Psalm 31, that is read this morning, is not dissimilar to Psalm 22 which Jesus quoted from the Cross. “My God, my God why have you forsaken me” has echoes in today’s psalm, as the author pours out his soul with, “I am forgotten as one that is dead, out of mind; I have become like a broken vessel”, in verse 12.  Both psalms, in point of fact, reflect a confident prayer from the depths of distress.  They are not from a depressed writer seeking to depress his readers too.  The reason why they are so powerful is because they are not trite or fatalistic.  They are clear-eyed about things like violence and lying and matters that are worthless; they are realistic about adversity and the evil that sucks all the goodness out of people.  They reach the point of almost giving up, as Jesus requested in the Garden of Gethsemane, that the cup might pass from him.  Jeremiah was in much the same state in one of his laments (as one sees in Jeremiah chapter 20: verses 7 to 13; the text follows a similar pattern to these psalms).

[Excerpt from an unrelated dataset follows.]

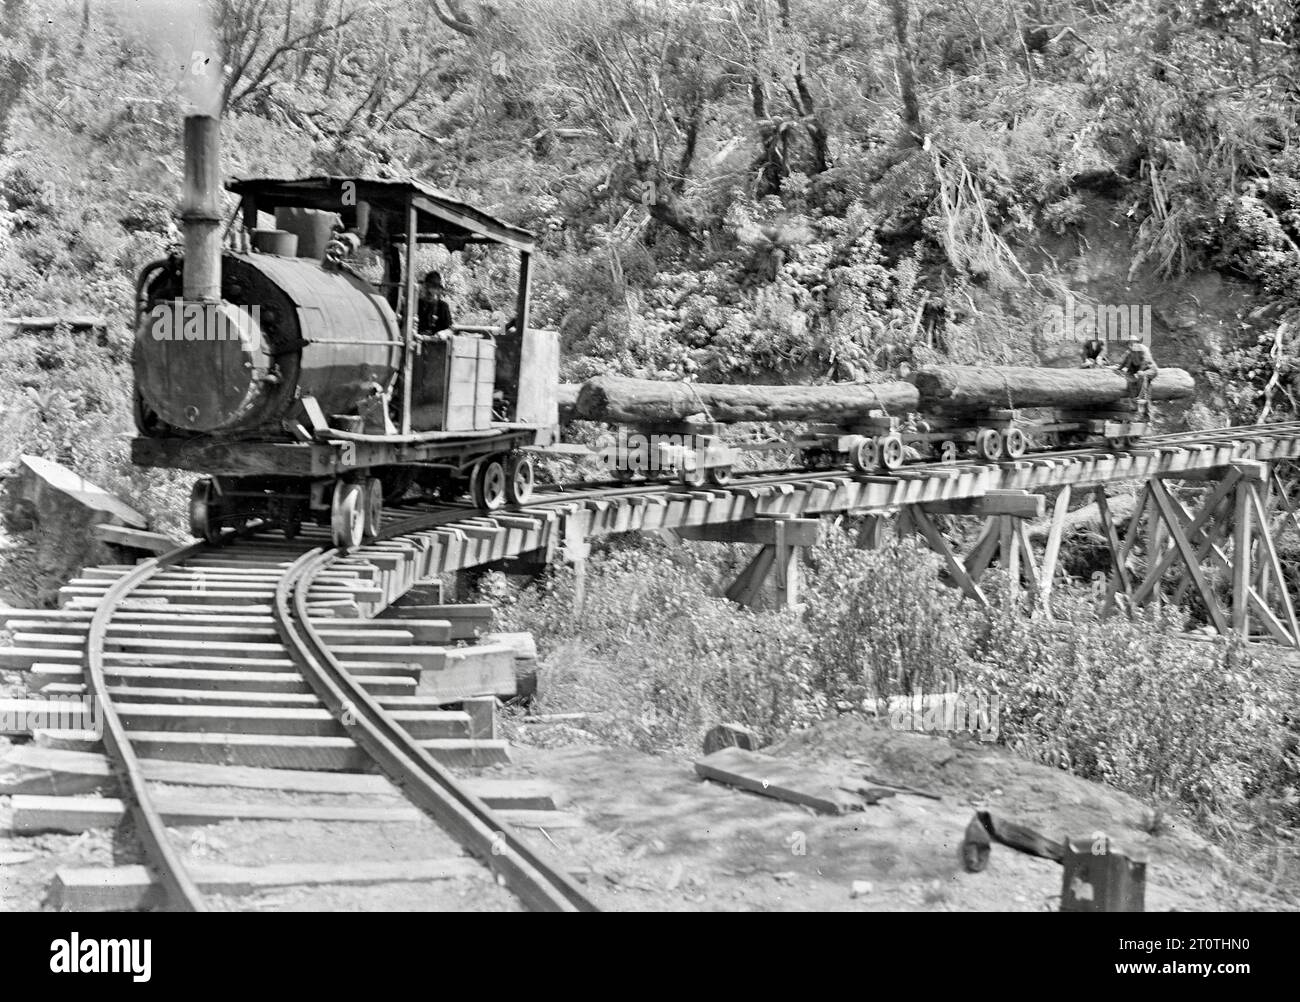 Albert Percy Godber (fotografo neozelandese) - 'Knight's tram, Raurimu' - Hauling Logs - c1916 Foto Stock

So, what is their strength for us?  How do we see the gentle hand of God’s protection on our lives, when around us everything is demonstrating the very opposite?  These are psalms that give us confidence because they face reality and do not pretend.  That surely is why Jesus in the depths of agony on the Cross was drawn to one of them.  The ultimate place of the psalmist is held secure in the sure and certain love of God.  It is a cry for help, but it is a confident cry; it is desperate search for a way forward; but it is a recognition that we shall be led by one who has been wounded before us.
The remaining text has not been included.